Okay, here’s how it is. You can lambaste me, ridicule me, delete me, deny me, kick me off Kos forever, but I assure you, I am not alone, and if you silence one you disagree with because it makes you uncomfortable, you have sacrificed the all the influence you have over your fellow citizens, and all you will ever have.
I do not think Reverend Wright is the monster he has been made out to be. I am heartsick that Obama has joined the chorus against him. And I feel we are lost as a society if we don't confront what Wright really said: Fearlessly, and without agenda or strategy.
At first I was an Edwards supporter. But when Edwards – who spoke unapologetically about another of the country’s deep divides, class – dropped out, I thought, well, okay – I can deal with this. Clinton was out of the question; I’ve never voted for a Clinton in my life and I don’t intend to start now. But I liked Obama for all sorts of reasons, and I was happy to shift my support to his candidacy.
I shouldn’t just say "support," actually. I don’t just support anyone. I’m emotional, and a little obsessive, and when I support a political candidate, which I haven’t done with any gusto since Paul Wellstone ran for Senate in 1990 (I’m a native Minnesotan), I go a little nuts. And I went little nuts for Obama. My fella did, too. We gave him money. I made phone calls.
Remember that brilliant fundraising ploy last month, when he said he’d pick five people from his contributors to have dinner with him? One of us gave every day, each of us improving on our story. Who doesn’t want to have dinner with Obama? (The same strategy from Hillary would have bombed.)

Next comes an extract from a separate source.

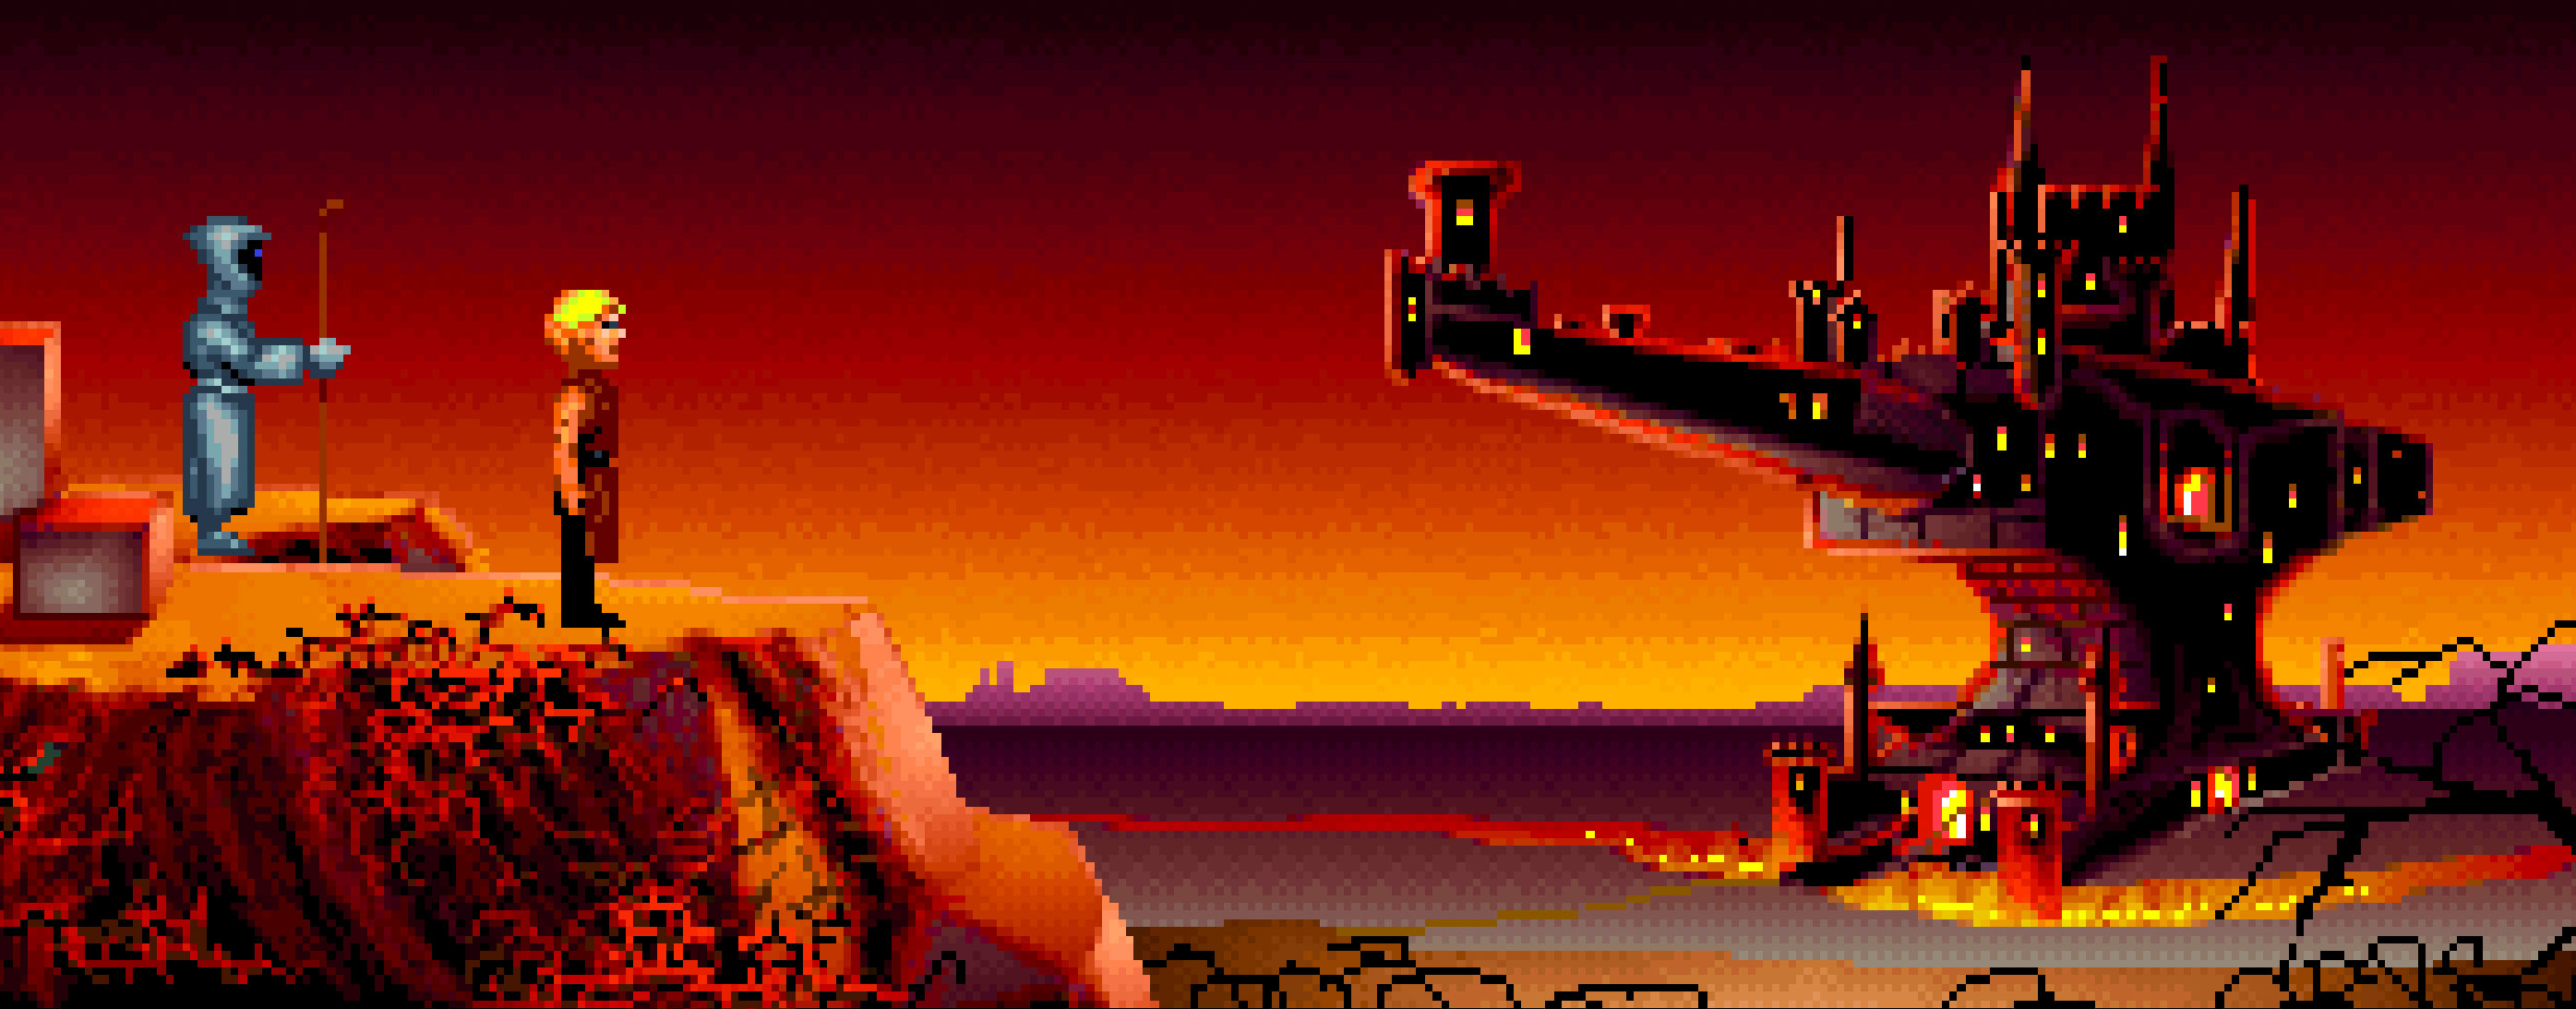 Rusty zeigt mir die Stadt der Schmiedegilde

For many months, Obama did not disappoint me. We watched him practice what we call the "43 principle," from the I-Ching, in debates: "The best way to defeat evil is to make energetic progress in the good." We marveled at his comic-timing when he did Letterman’s top 10; we identified with his bowling score.
We loved him, and loved how he used the word "love" on the campaign trail. When the Reverend Wright controversy emerged, we didn’t blink: We admired how he stood by his friend while at the same time contextualizing his comments for a conscious, present-day audience. We agreed with the person who said "He cares more about his country than about his candidacy." Bravo, we thought. Daily.
I’ve been busy the last few days, trying to make deadlines (I write for a living). And so all I heard of the Reverend Wright speech at the press club was what the media – and indeed Obama himself – told me. It sounded like he'd gone bat-shit crazy, ranting about a government plot to seed HIV in the black population; talking as if 9/11 was all our fault. "Where was the guy we saw on Moyers?" my husband-to-be wondered, as we mulled the media reports and Obama’s repudiation. "We liked him. Who did they see?"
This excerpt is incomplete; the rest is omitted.